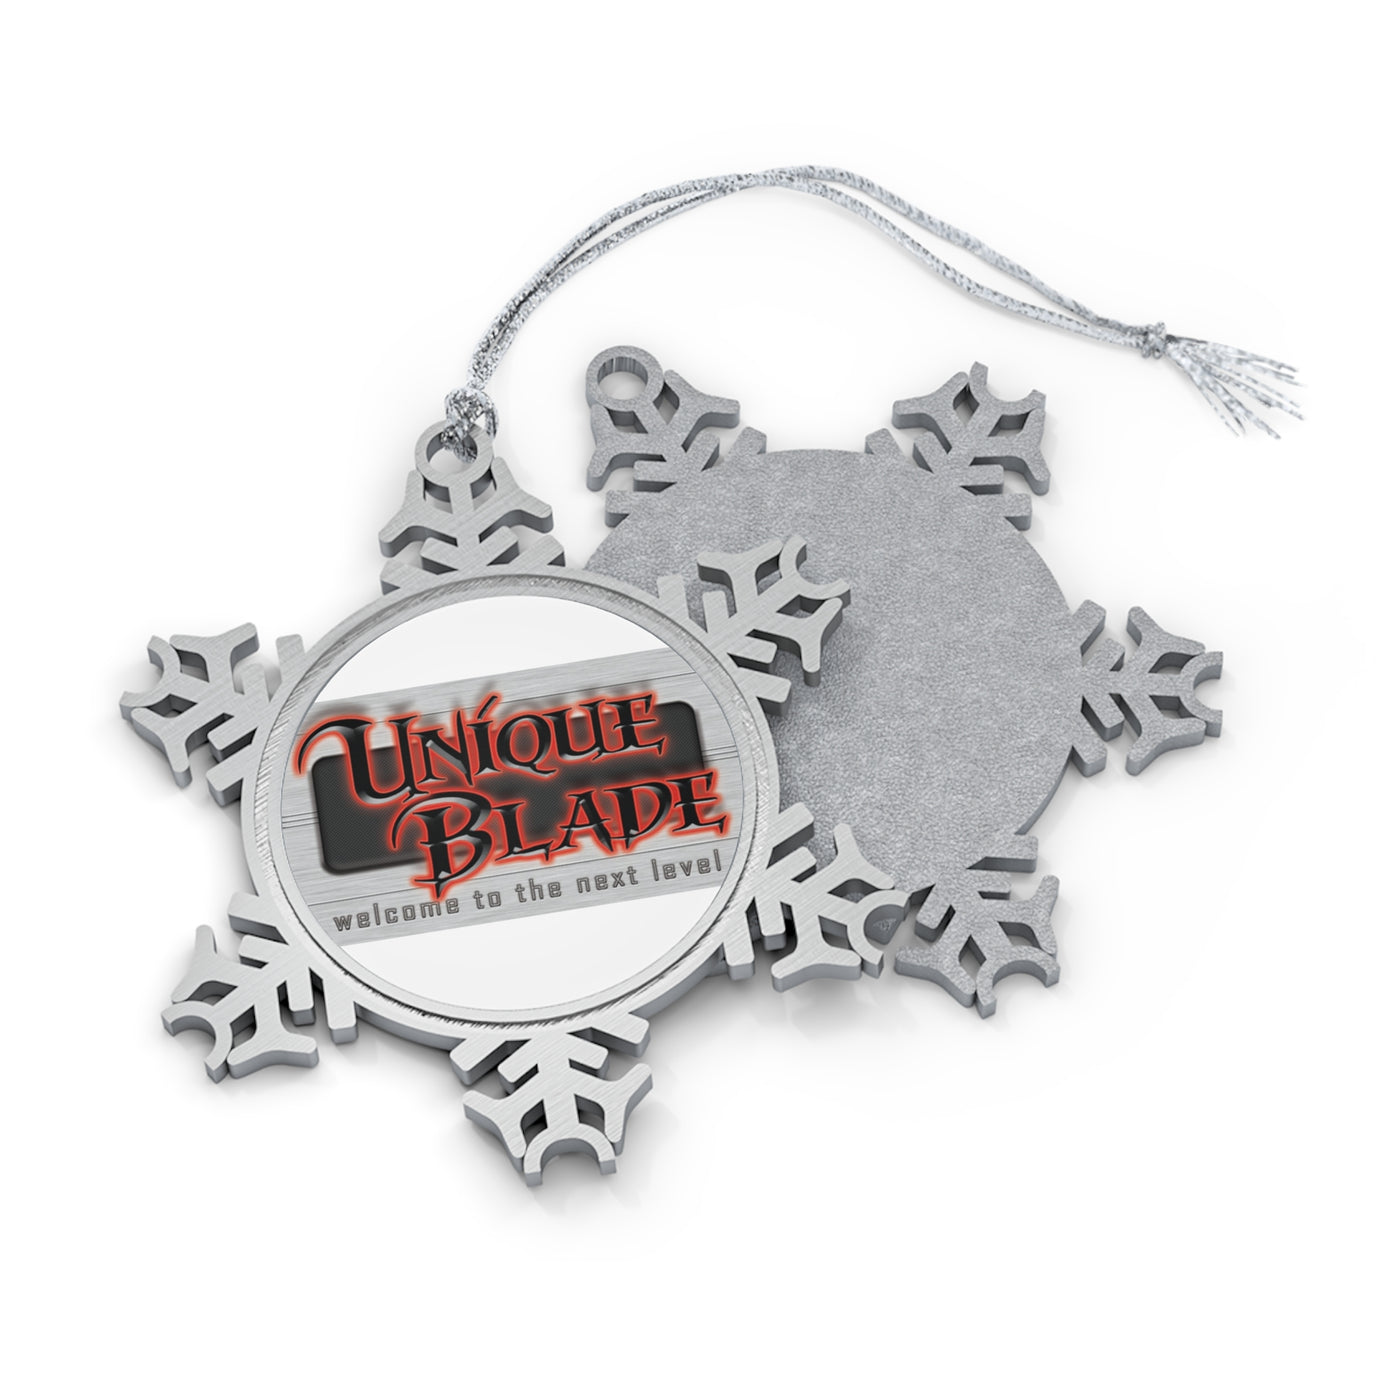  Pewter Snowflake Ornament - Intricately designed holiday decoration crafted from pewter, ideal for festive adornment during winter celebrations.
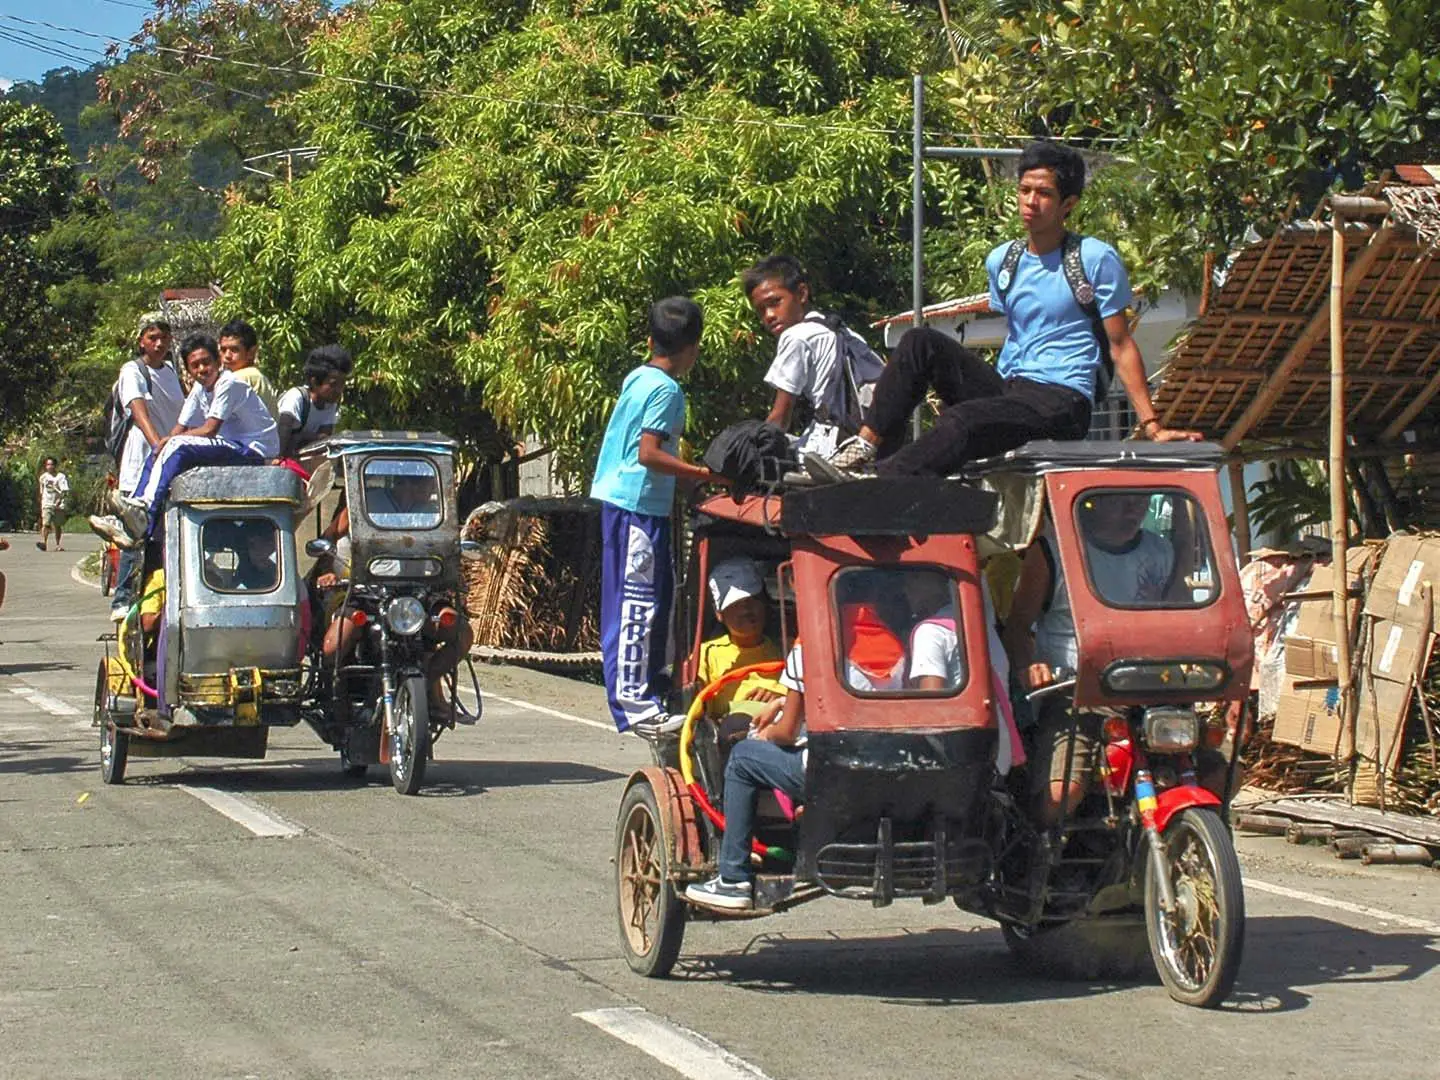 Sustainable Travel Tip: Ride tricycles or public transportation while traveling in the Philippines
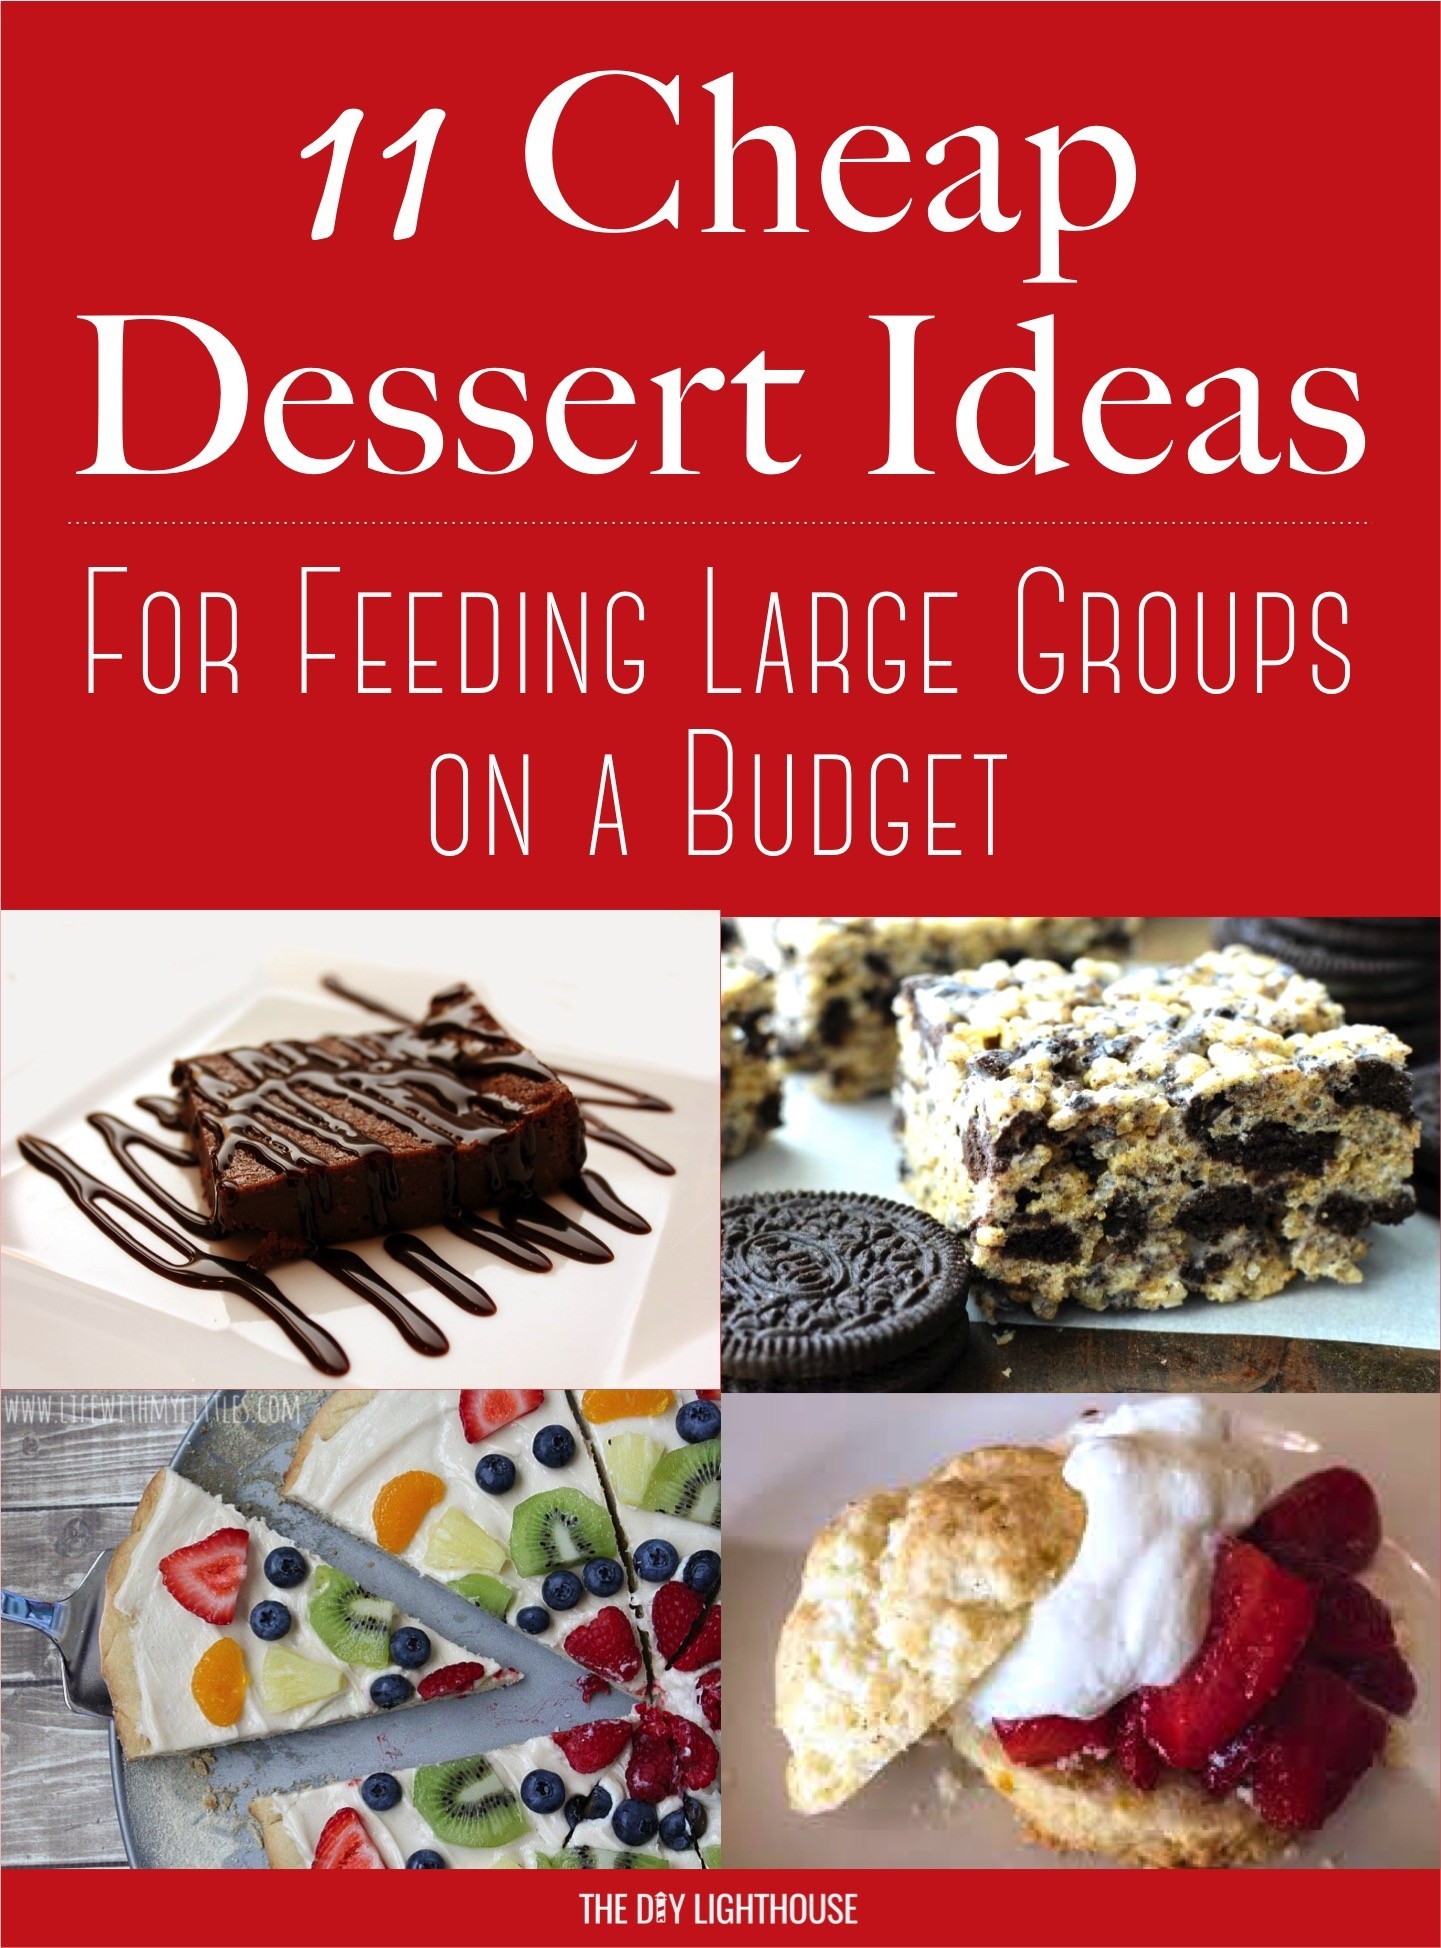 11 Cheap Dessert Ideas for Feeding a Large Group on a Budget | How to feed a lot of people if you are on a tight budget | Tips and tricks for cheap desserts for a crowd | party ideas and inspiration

■ **About this task**
Please leave the images out and retype the rest of the material exactly.

■ **Written answer**
  Pewter Snowflake Ornament - Intricately designed holiday decoration crafted from pewter, ideal for festive adornment during winter celebrations.
 Sustainable Travel Tip: Ride tricycles or public transportation while traveling in the Philippines
 11 Cheap Dessert Ideas for Feeding a Large Group on a Budget | How to feed a lot of people if you are on a tight budget | Tips and tricks for cheap desserts for a crowd | party ideas and inspiration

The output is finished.